There is a way of looking at it that, were you to have a long term tenant, there would be established precedent for appropriate regulation. For short term room rentals, available on short notice etc, there is such precedent and regulation - in the form of hotels. Those hotel rooms would never qualify as long term rentals, for so many reasons, and the total number of those IS in many many places, capped and regulated and taxed.
It’s not disruptive to create a 3rd category, it’s evasive! I am sure the extra jingle of change in ones own pocket (it’s just one pocket, right?) makes up for any misgivings.
I don’t take it personal, but it stinks a bit from here! It’s not a giant thing, but it scales into one.
At least in london, and other places around the uk, houses prices have been climbing for decades, i can‘t really see airbnb being the sole cause there, rather an attitude that homes aren‘t homes anymore, but investments. And with decades of homeprices outgrowing wage increases, stopping airbnb will do little.

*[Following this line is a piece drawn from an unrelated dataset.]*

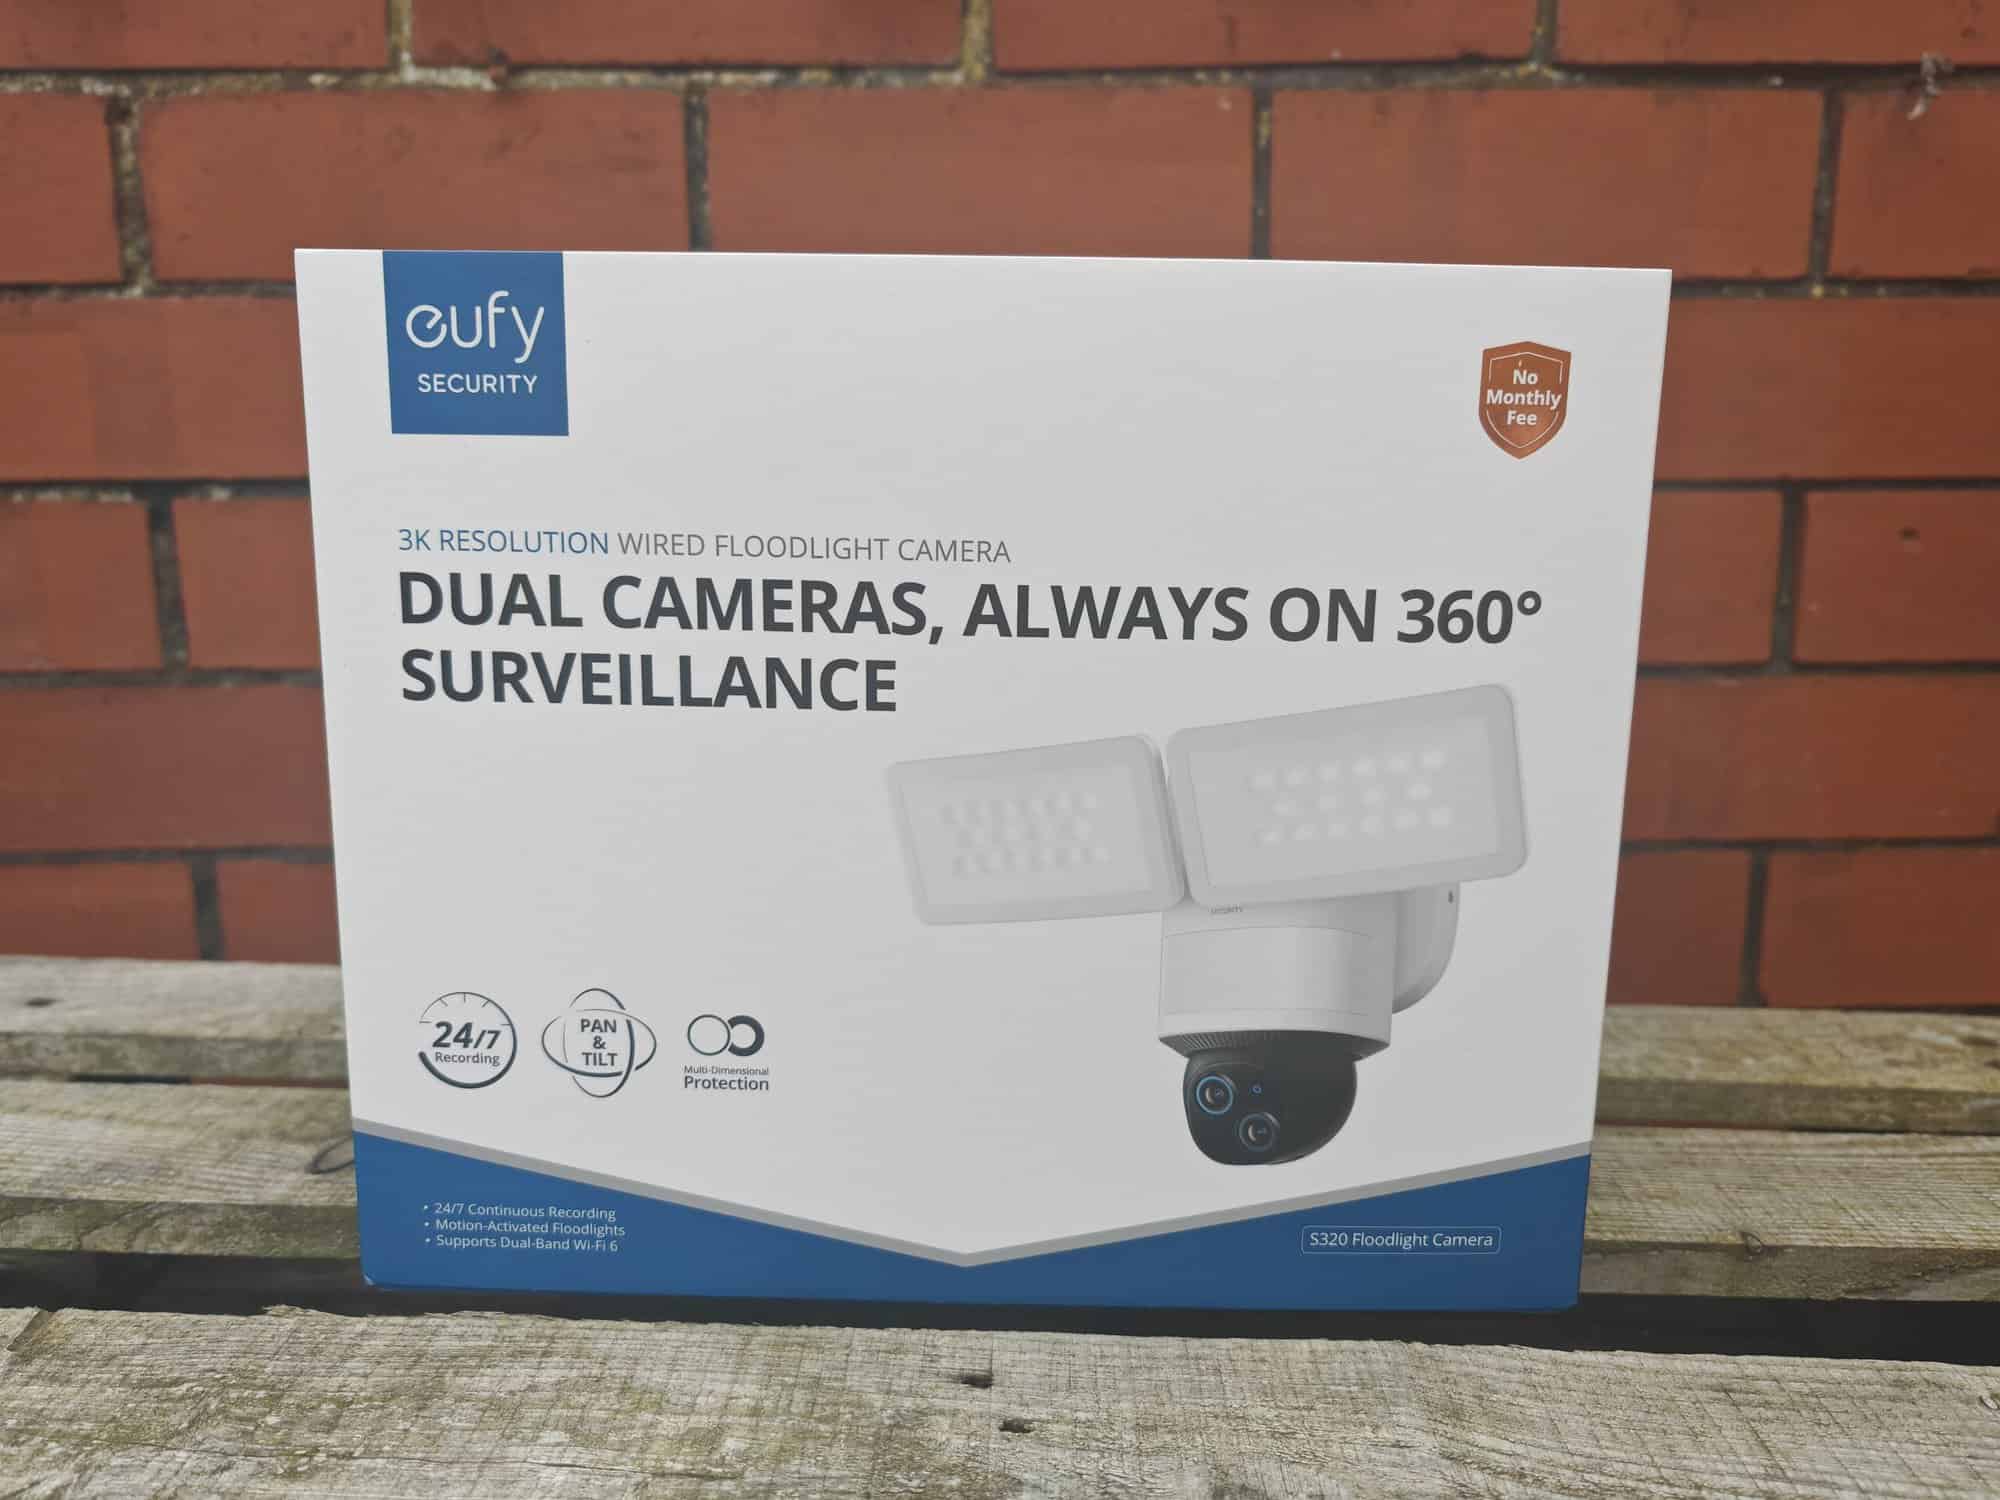 Eufy Floodlight Camera E340 Review vs S330 Floodlight Cam 2 Pro
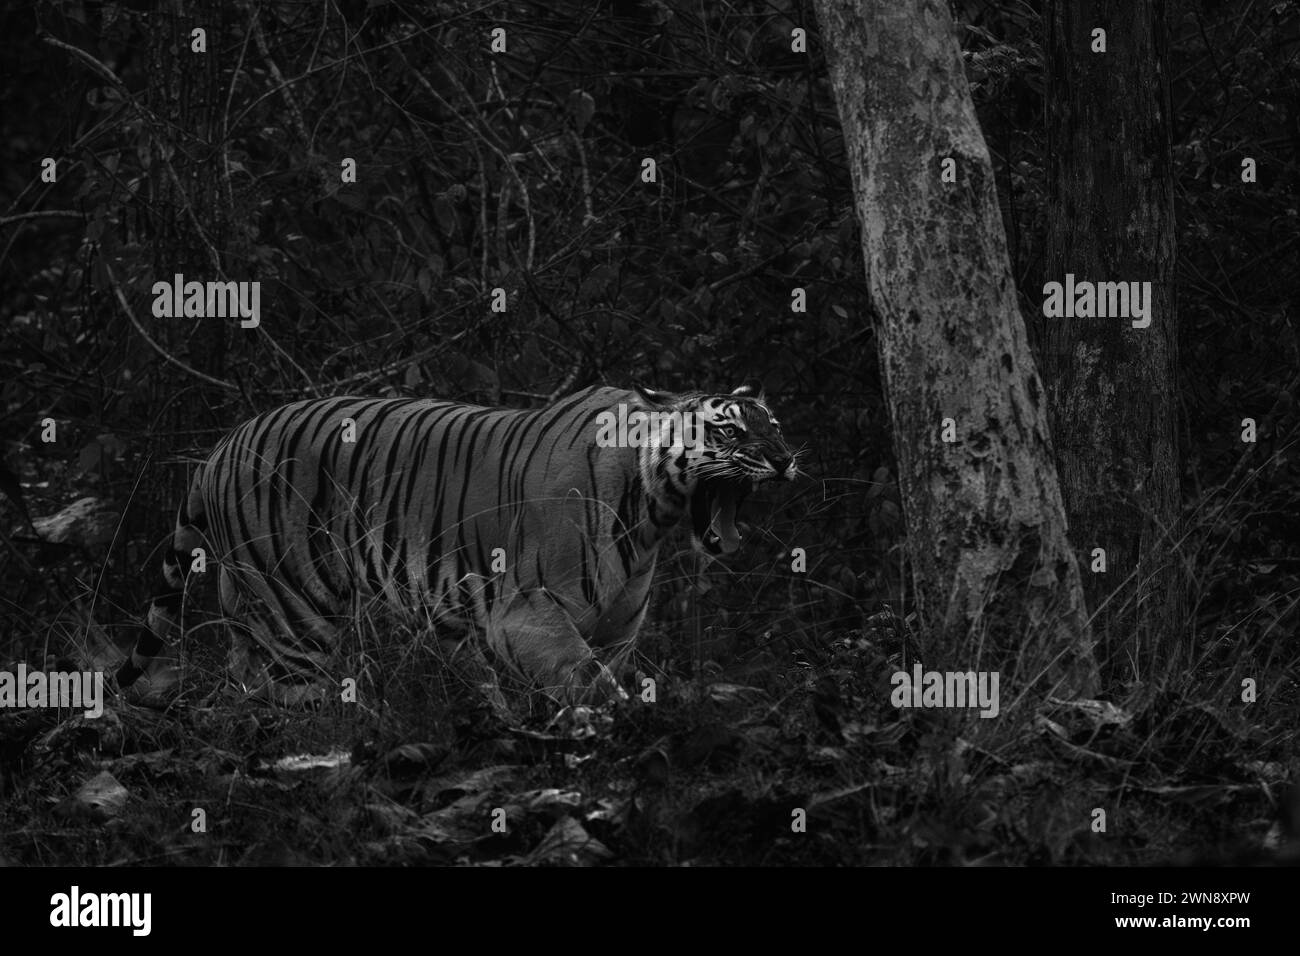 Tigre del Bengala - tigri del Panthera, grande gatto colorato dalle foreste e dai boschi dell'Asia meridionale, riserva delle tigri di Nagarahole, India. Foto Stock

And it‘s funny how it‘s reported in the uk. An obvious effect of this is that younger people and renters have less disposable cash, but it‘s reported as „New generations enjoy staying in rather than going out“ where the reality is „New generations can‘t afford to go out“
And boy, you see it in the declining nightlife and the thousands of closed pubs, it must have further effects throughtout the economy as money shifts up to smaller concentrations of land owners who reinvest in property and make it worse.
The inability of San Diego’s mayor and city council to do anything at all about this issue is shameful.
Ah, that’s interesting. I guess the numbers (of airbnbs) always just seemed a bit small to me to have such a big impact.
One correction: Airbnb did fight San Francisco’s attempts to impose the same restrictions as London; but eventually capitulated and is now enforcing the city requirement to register and the 90 day limit. It is also providing host data to the city.
So we have the same rules as London now in San Francisco.
I get your point but I won’t be sad to see fewer hotels so I don’t know that I agree.
If Airbnb “disrupts” the hotel business I don’t think that’s such a shame in itself (the fact that Airbnb is a for-profit monopoly creates it’s own issues but that’s another point) the problem with Airbnb is where all those extra rooms come from and how it distorts that market. The one that is about one of the essential things every human requires, shelter.
On a different note, I wonder how enforcement of that 90 day rule works in London. IIRC we have a 60 day limit in Amsterdam but since Airbnb refuses to share their user records (rightly so) this is nigh impossible to enforce.